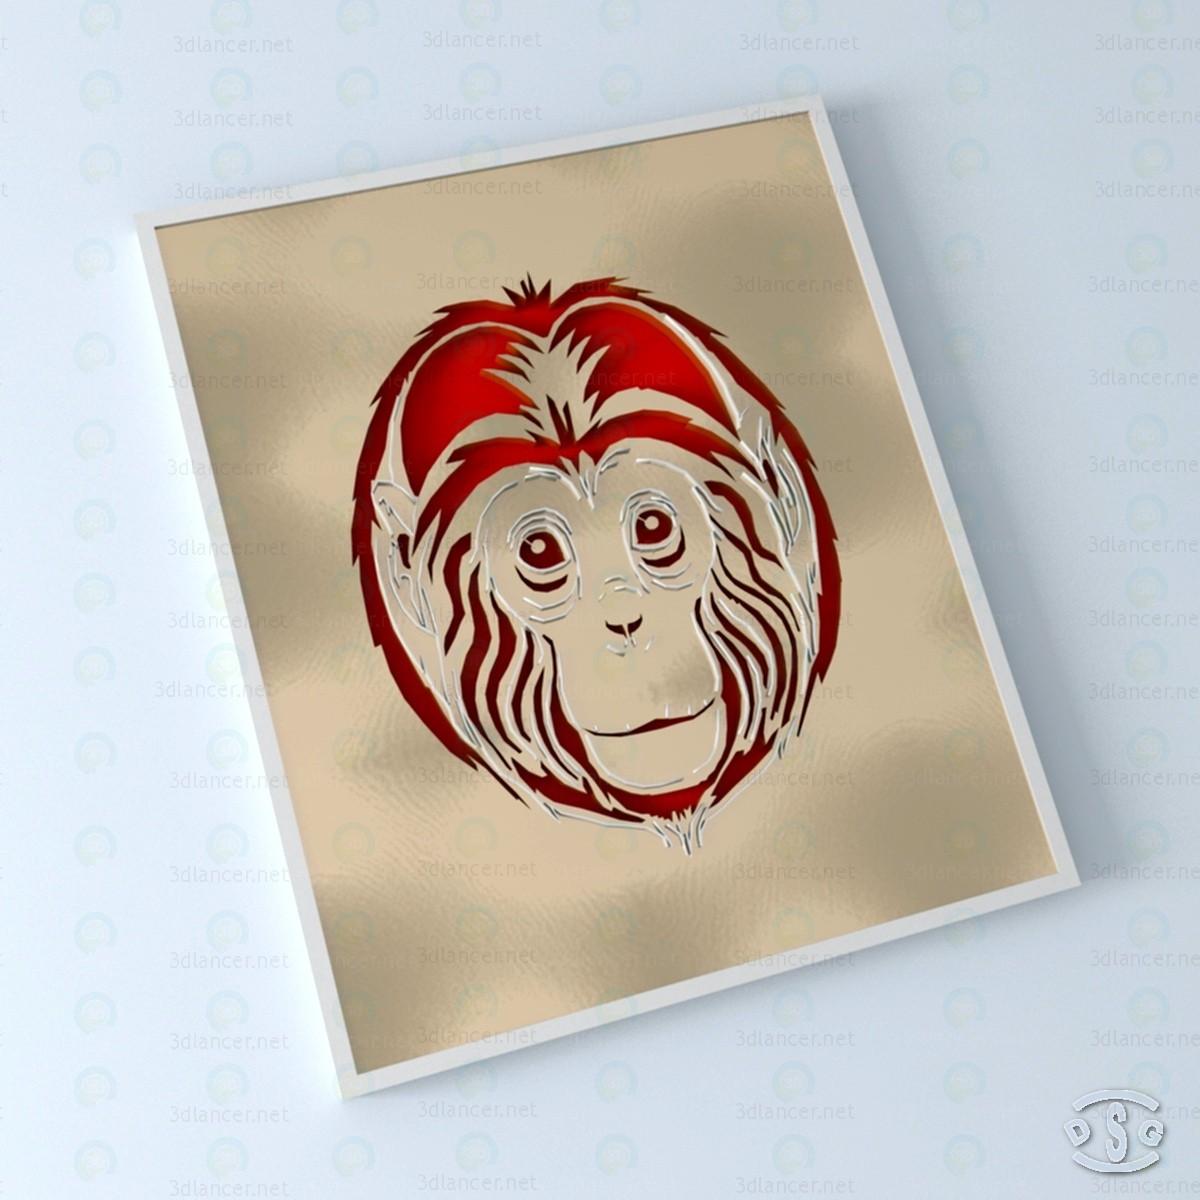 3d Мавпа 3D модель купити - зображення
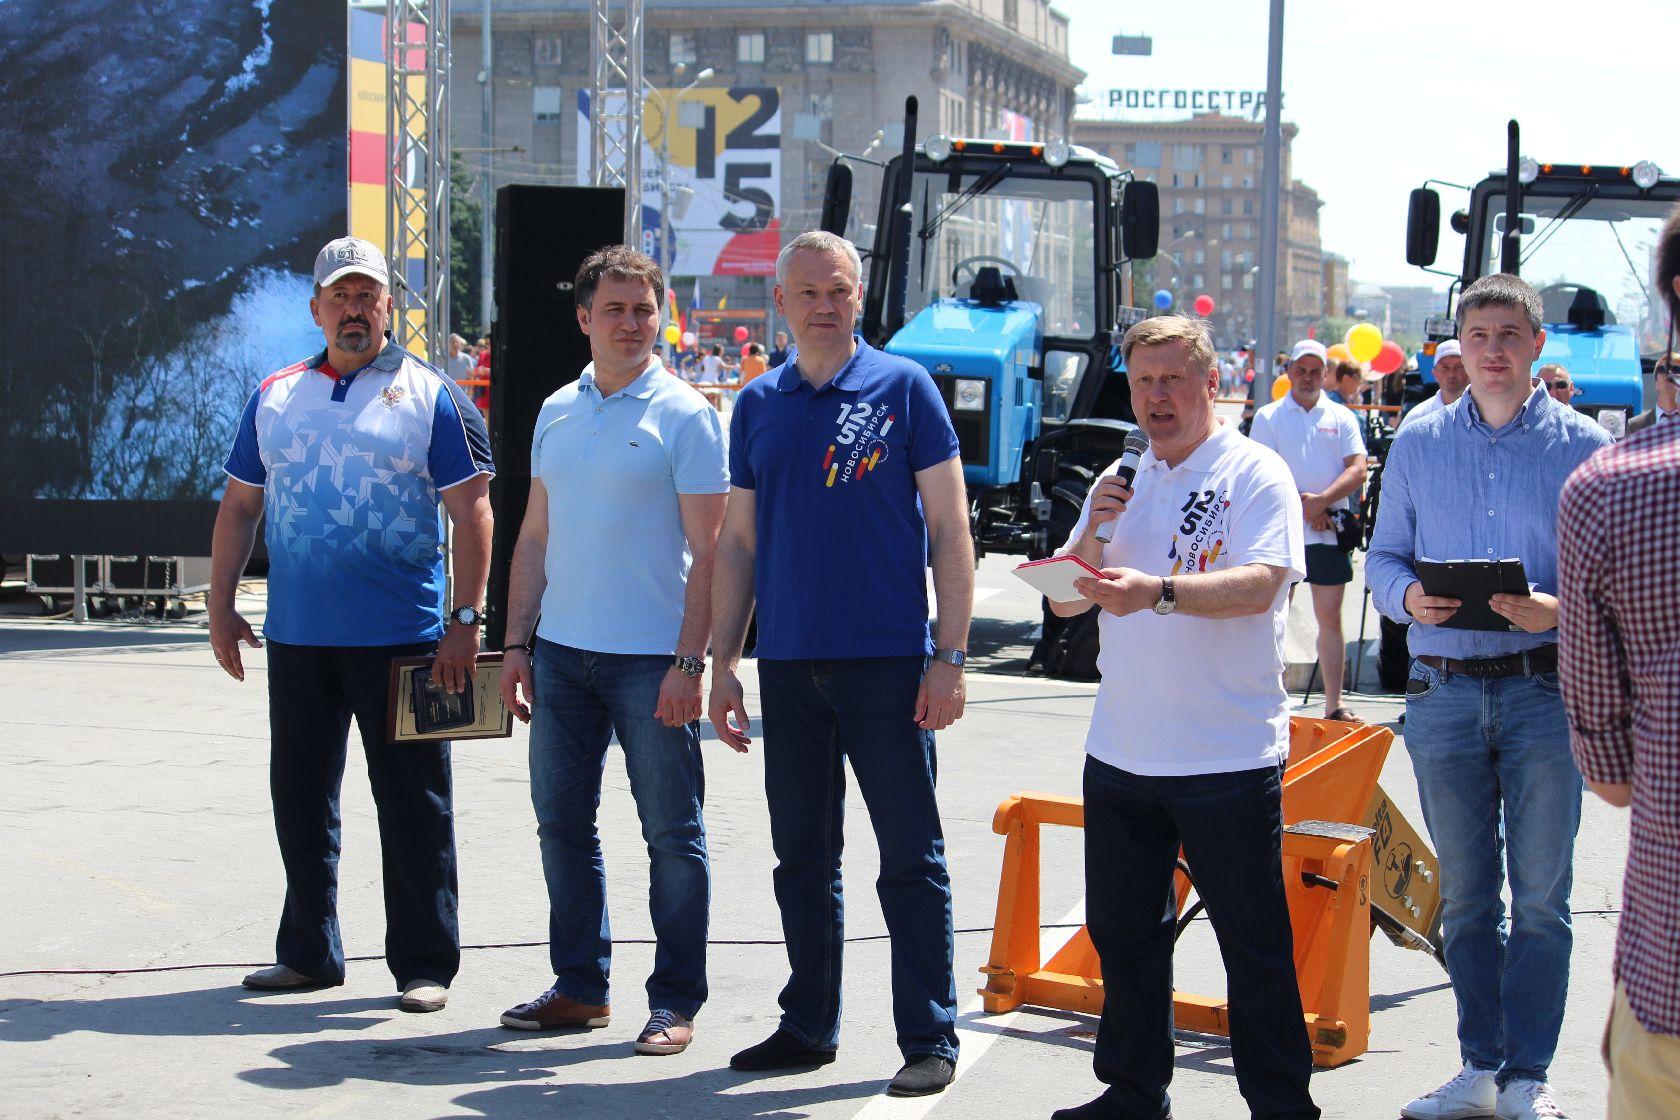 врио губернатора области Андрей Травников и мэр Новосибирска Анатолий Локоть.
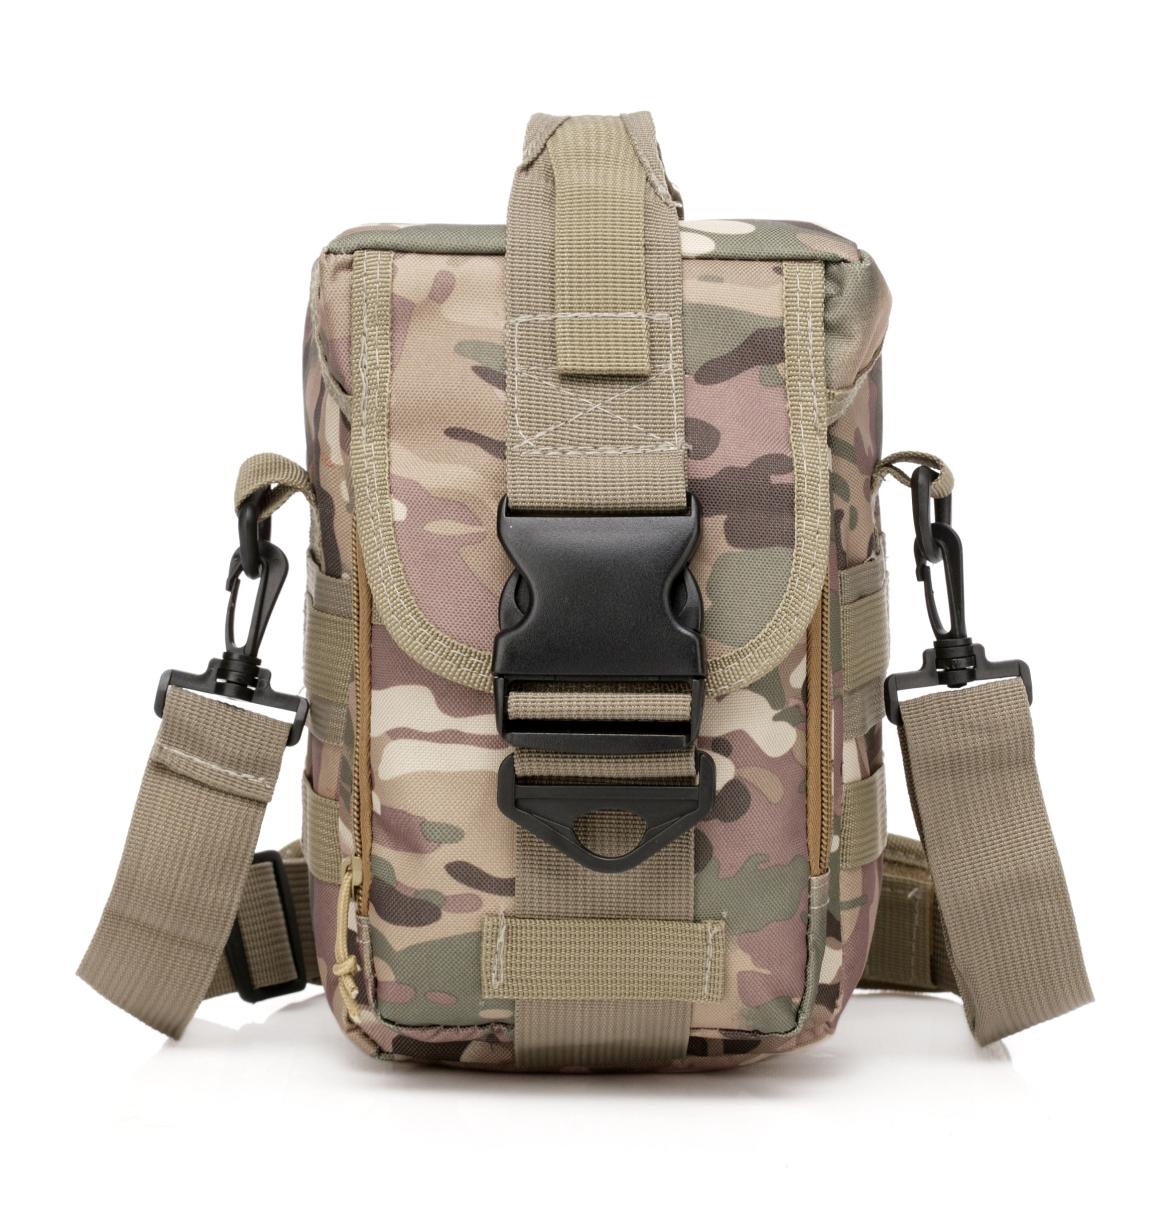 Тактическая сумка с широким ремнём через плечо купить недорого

********************

Copy the data exactly. Pictures do not belong in the copy.

 3d Мавпа 3D модель купити - зображення
 врио губернатора области Андрей Травников и мэр Новосибирска Анатолий Локоть.
 Тактическая сумка с широким ремнём через плечо купить недорого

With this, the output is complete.